#### [Task to carry out]
Your reproduction of the entries should be exact and should contain no pictures.

>>

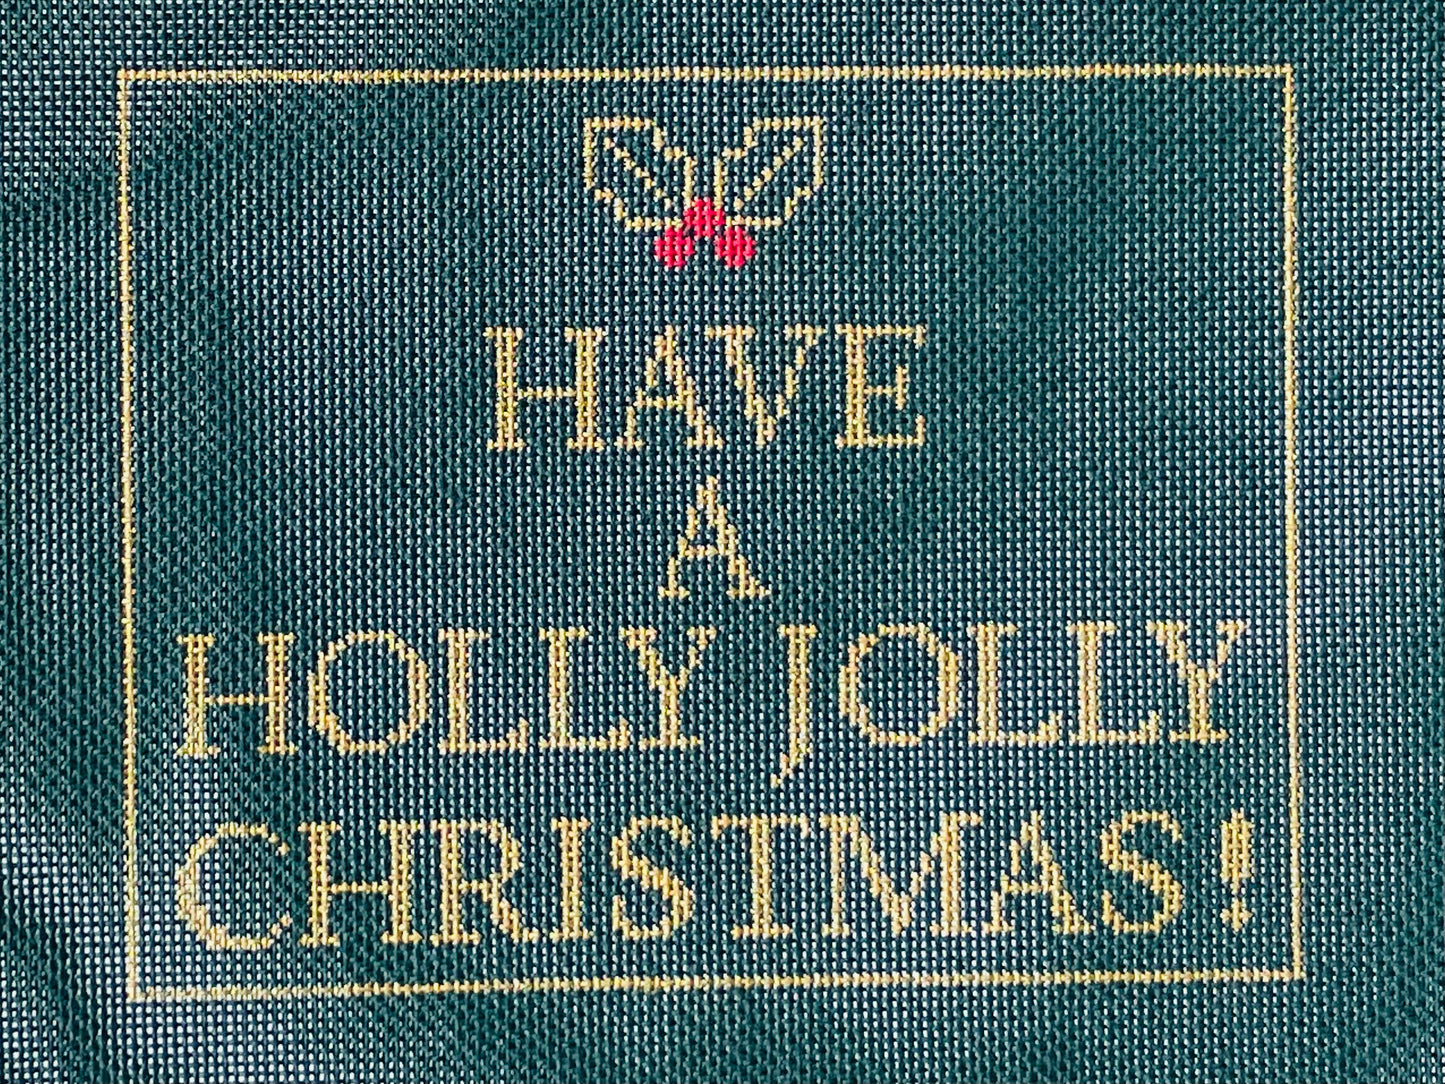 Holly Jolly Christmas!
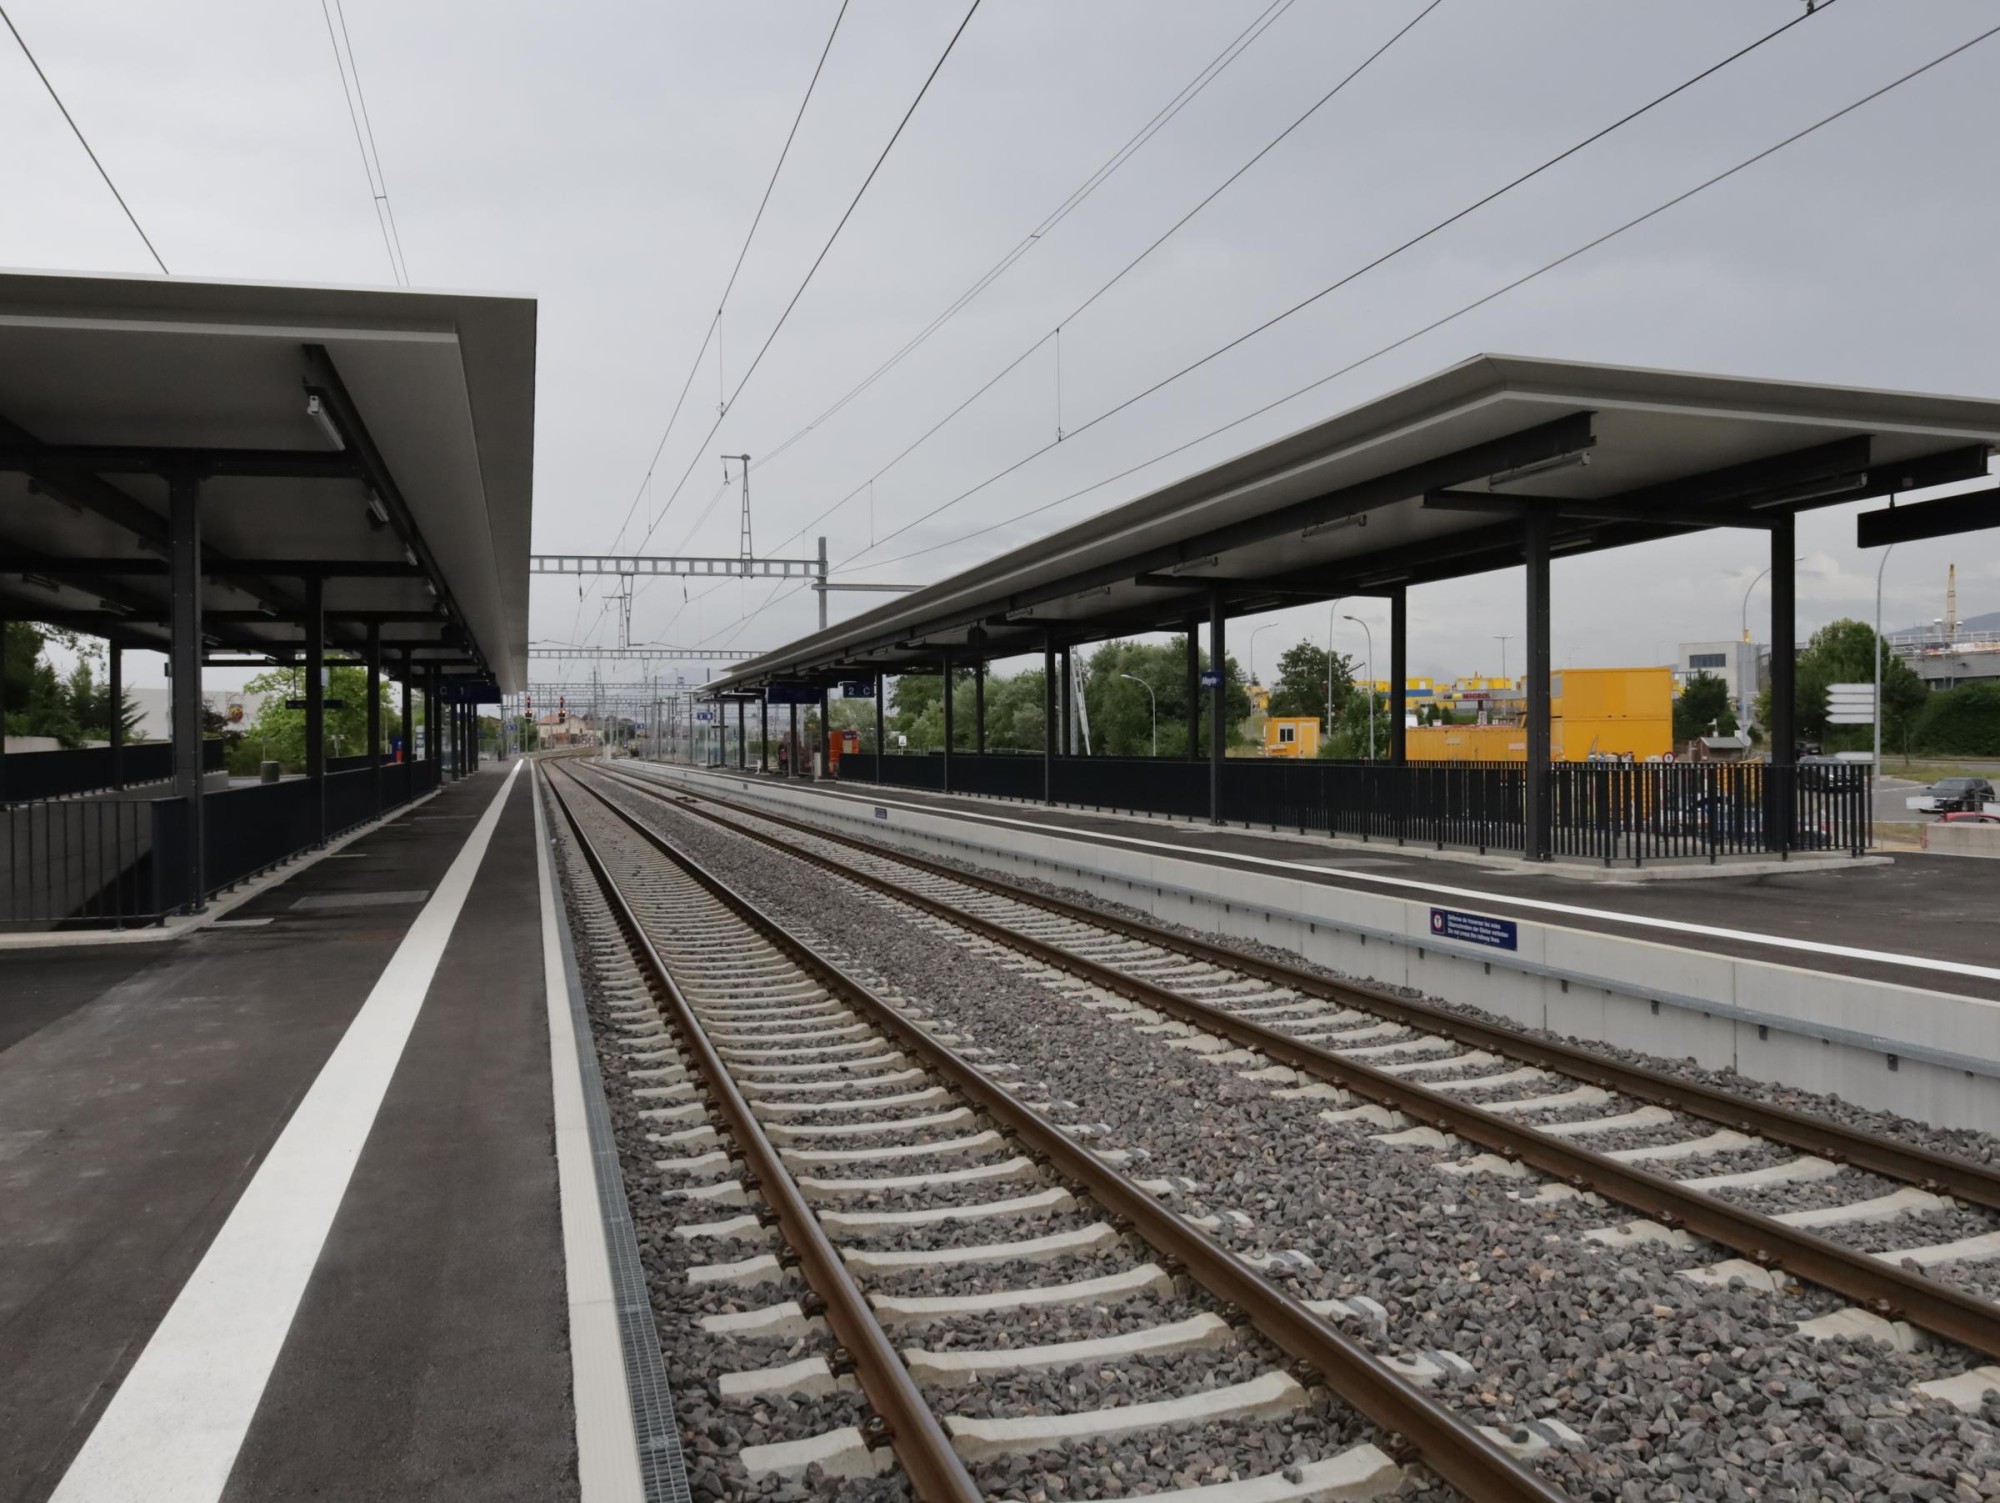 La gare de Meyrin a été inaugurée le vendredi 1er juillet 2022, par les autorités locales et cantonales ainsi que par des représentants de Lémanis et des CFF.
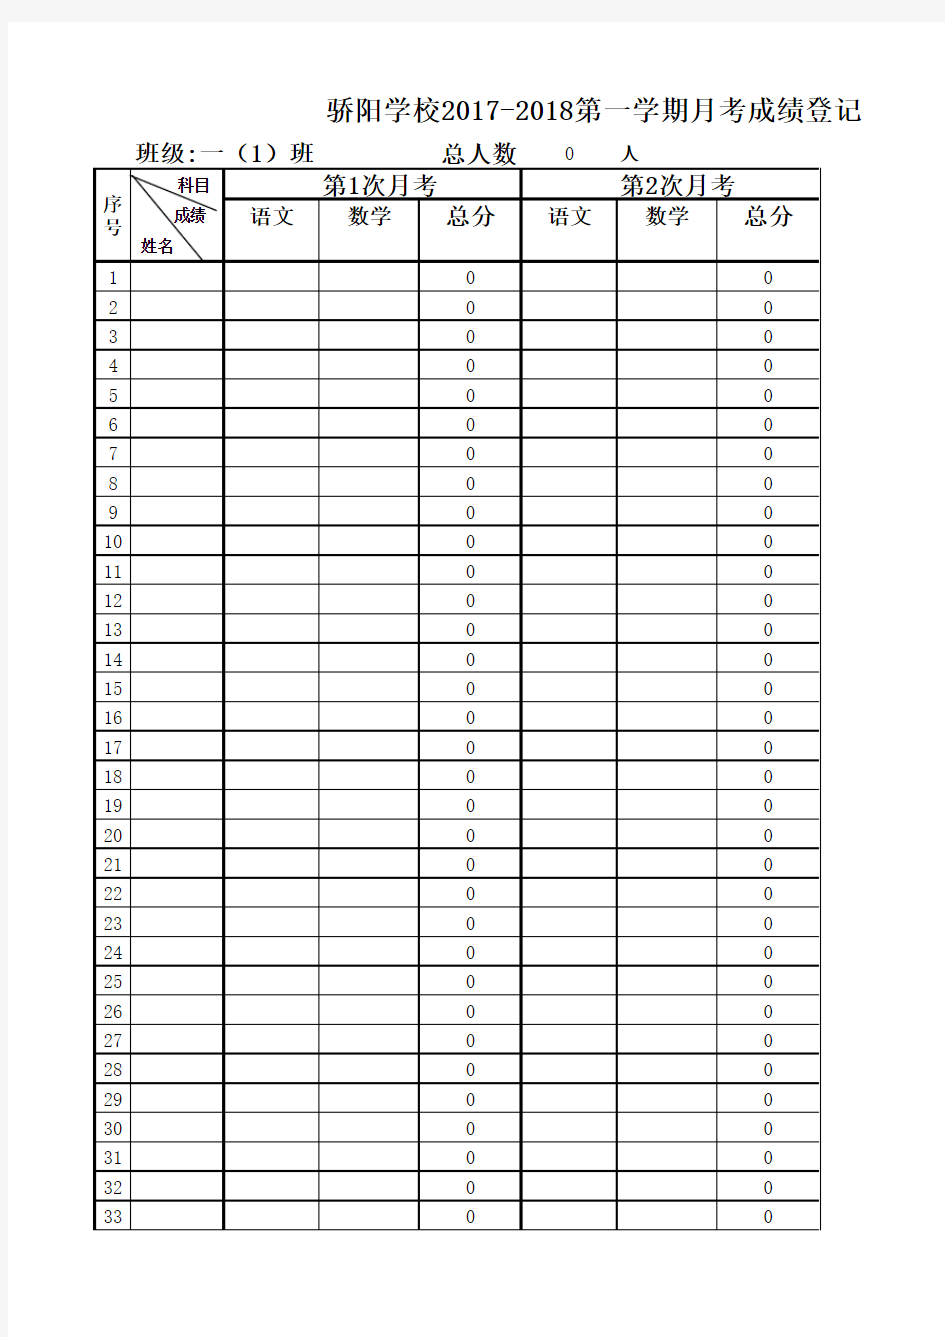 学校月考成绩登记表(含统计计算公式)
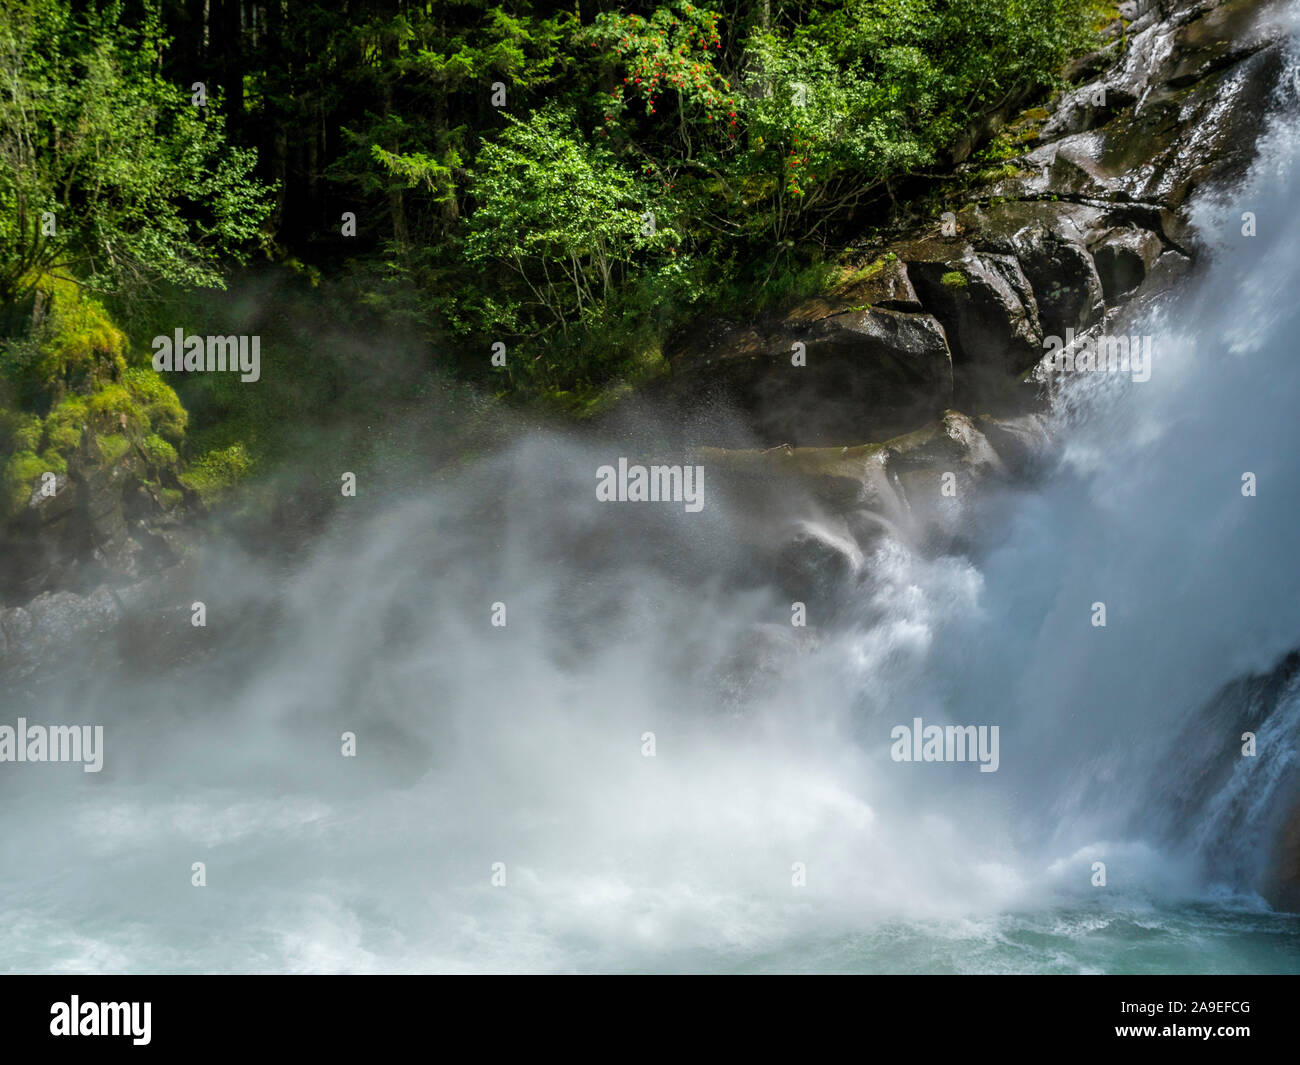 Krimml Waterfalls, High Tauern National Park, Krimml, Pinzgau region, Salzburger Land region, Salzburg (state), Austria, Europe Stock Photo
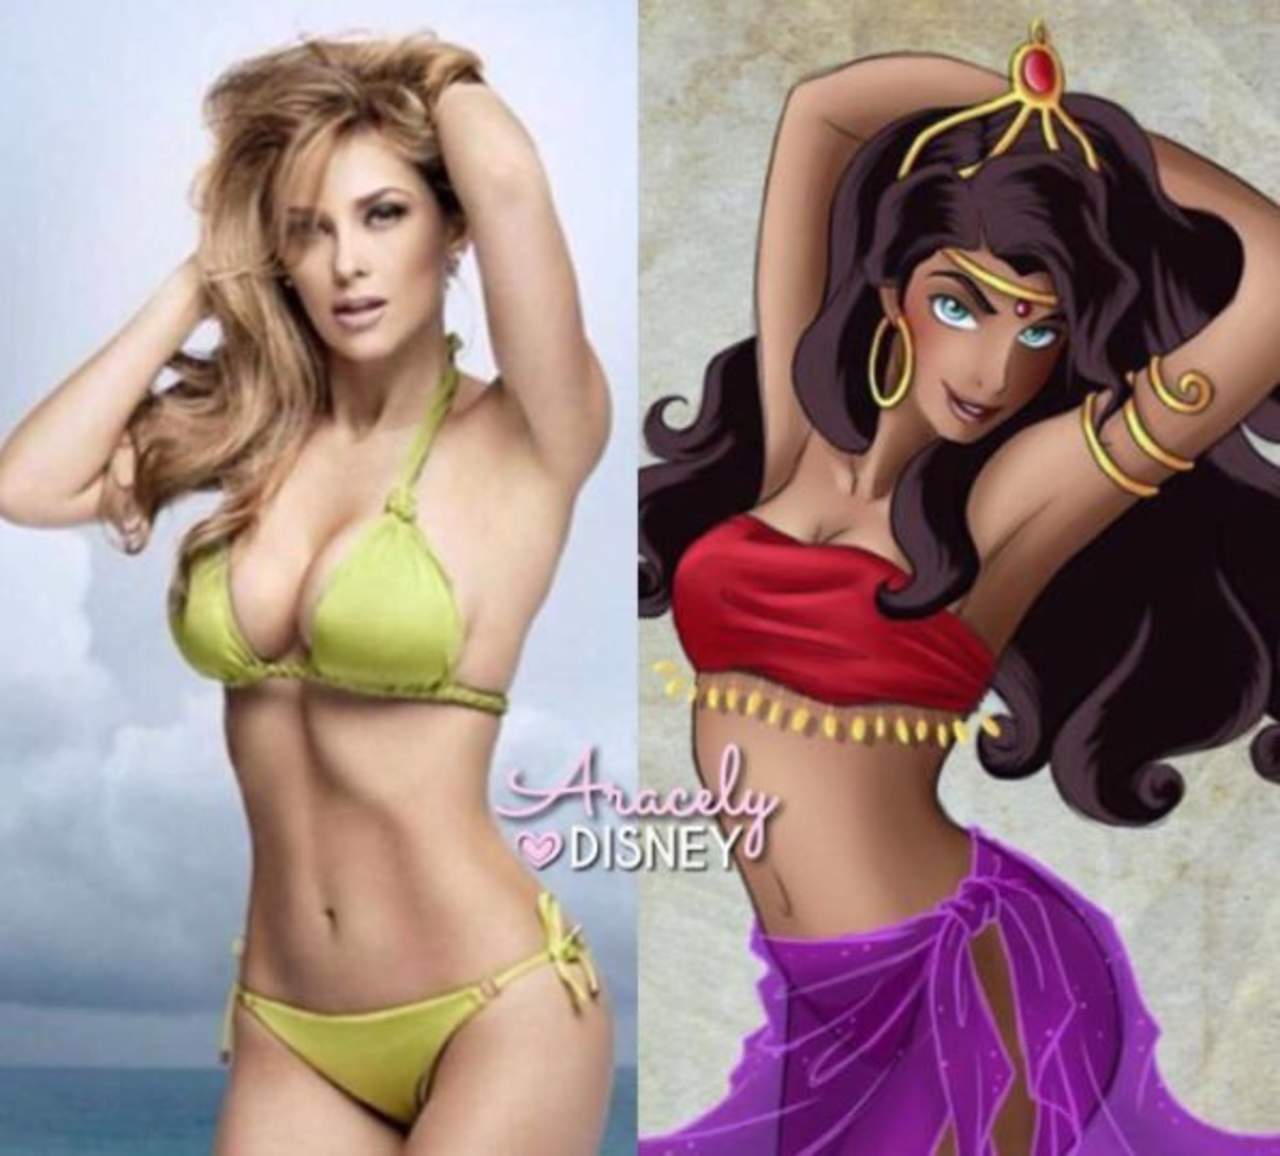 Arámbula de 42 años de edad luce un bikini color verde limón junto a la versión de sí misma en princesa animada, ambas muestran una escultural figura que se llevó los halagos de los fans. (ESPECIAL)

<<

#### [Answer area]
 Holly Jolly Christmas!
 La gare de Meyrin a été inaugurée le vendredi 1er juillet 2022, par les autorités locales et cantonales ainsi que par des représentants de Lémanis et des CFF.
 学校月考成绩登记表(含统计计算公式)
 Krimml Waterfalls, High Tauern National Park, Krimml, Pinzgau region, Salzburger Land region, Salzburg (state), Austria, Europe Stock Photo
 Arámbula de 42 años de edad luce un bikini color verde limón junto a la versión de sí misma en princesa animada, ambas muestran una escultural figura que se llevó los halagos de los fans. (ESPECIAL)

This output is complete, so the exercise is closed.